The seller later claims the withheld amount as a credit against their actual tax liability (or receives a refund if the withheld amount exceeds the actual CGT).

The Clearance Certificate

A Clearance Certificate confirms the seller’s residency status for Australian tax purposes. It is:

  • Issued free by the ATO
  • Valid for 12 months
  • Obtained via myGov or tax agent
  • Usually processed in 28 days (but can be fast-tracked in urgent settlements)

Every Australian resident seller should obtain one. Without it, the buyer (and their solicitor) must withhold 15%.

The trap for Australian citizens overseas

Australian citizens who have moved overseas for work may become “non-resident for tax purposes” under the 183-day test (not present in Australia more than 183 days in the tax year). Non-residents cannot obtain a Clearance Certificate; instead they must apply for a variation:

  • Variation Application: if the seller’s actual CGT liability is less than 15% of the sale price, they can apply for a reduced withholding rate
  • This requires full disclosure of the capital gain calculation, acquisition cost, holding period, and any eligible concessions
  • Variation applications take 28-42 days; expect complications if the sale is time-pressured

Without a variation, 15% of the full sale price is withheld. On a $1m property, $150,000 is held by the ATO until the following year’s tax return. Meanwhile, the seller has only received $850,000 at settlement.

Why the rate increase hurts expats

The 2024 rate rise from 12.5% to 15% significantly increased cash-flow pressure for non-resident sellers. On a $1.5m property, the withholding jumped from $187,500 to $225,000 - an additional $37,500 held pending the tax return.

The removal of the $750,000 threshold in 2025 means every sale, no matter how small, is affected. A $400k regional property sale by a non-resident now triggers $60,000 of withholding.

Legitimate reduction through variation

The variation application is the key tool for non-resident sellers. If your actual CGT liability is likely to be well under 15% of the sale price - because the property has had limited capital gain, because the 50% discount applies, because losses from other properties offset - the variation lets you retain most of the proceeds.

Example: non-resident seller of a $1m property with a $100k capital gain after 50% discount. Actual CGT at foreign-resident rates: ~$32,500. 15% withholding would be $150,000. With variation, withholding can be set at ~3% ($30,000), releasing $120,000 to the seller.

What the buyer should insist on

From the buyer’s perspective, the risk is purely administrative:

  • You need the Clearance Certificate from the seller, OR
  • You must deduct 15% from the purchase price at settlement

Your conveyancer/solicitor handles this. Most standard NSW and VIC contracts now include automatic clauses directing settlement figures through PEXA with FRCGW logic.

Where it goes wrong

1. Seller assumed they were resident. Australian citizens temporarily overseas often believe they’re still residents for tax purposes. Sometimes they’re not. Confirm residency before selling.
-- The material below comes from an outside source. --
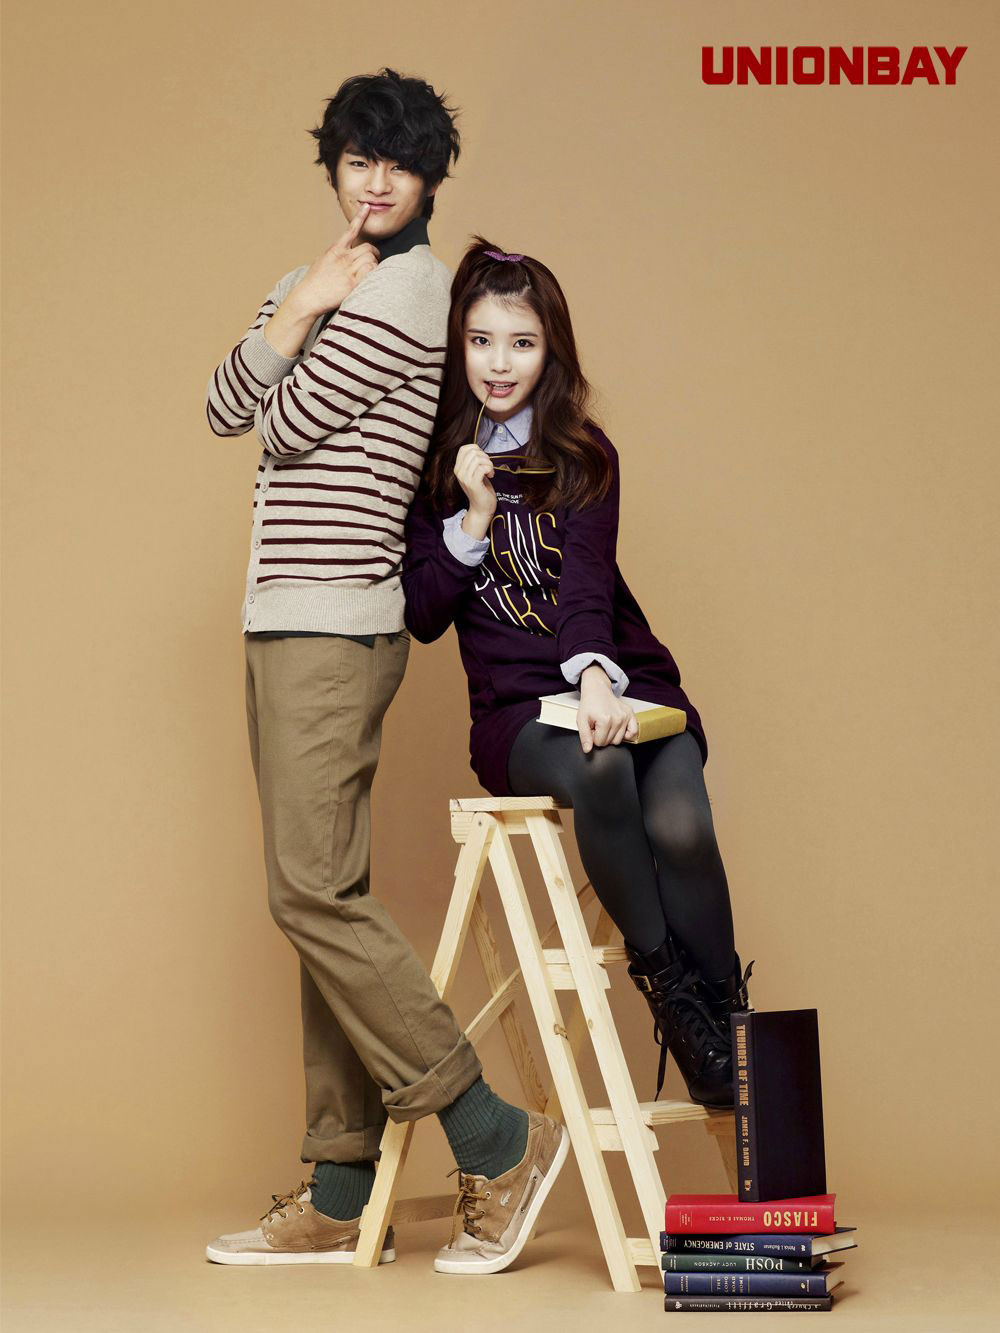 IU Seo Inguk Korean Unionbay clothing

2. Clearance Certificate application forgotten. Sellers must apply for the Certificate before settlement. Last-minute applications can cause settlement delays.

3. Variation application rushed. A poorly-prepared variation application can be rejected, leaving the seller with full 15% withholding.

4. Joint ownership. Where one owner is resident and one is non-resident, withholding applies on the non-resident’s share of the proceeds.

Strategic advice for overseas Australians

  • Obtain tax advice before selling. Don’t assume residency status.
  • If non-resident, start the variation application at least 60 days before settlement.
  • If possible, time the sale after returning to Australia and re-establishing residency.
  • Keep careful records of acquisition cost, improvement costs, and holding period.
  • Understand the interaction with the main residence exemption (which is generally lost if you are non-resident at sale).

For Australian citizens living overseas and considering selling a property at home, FRCGW is one of the most significant and least-anticipated tax mechanisms you will encounter.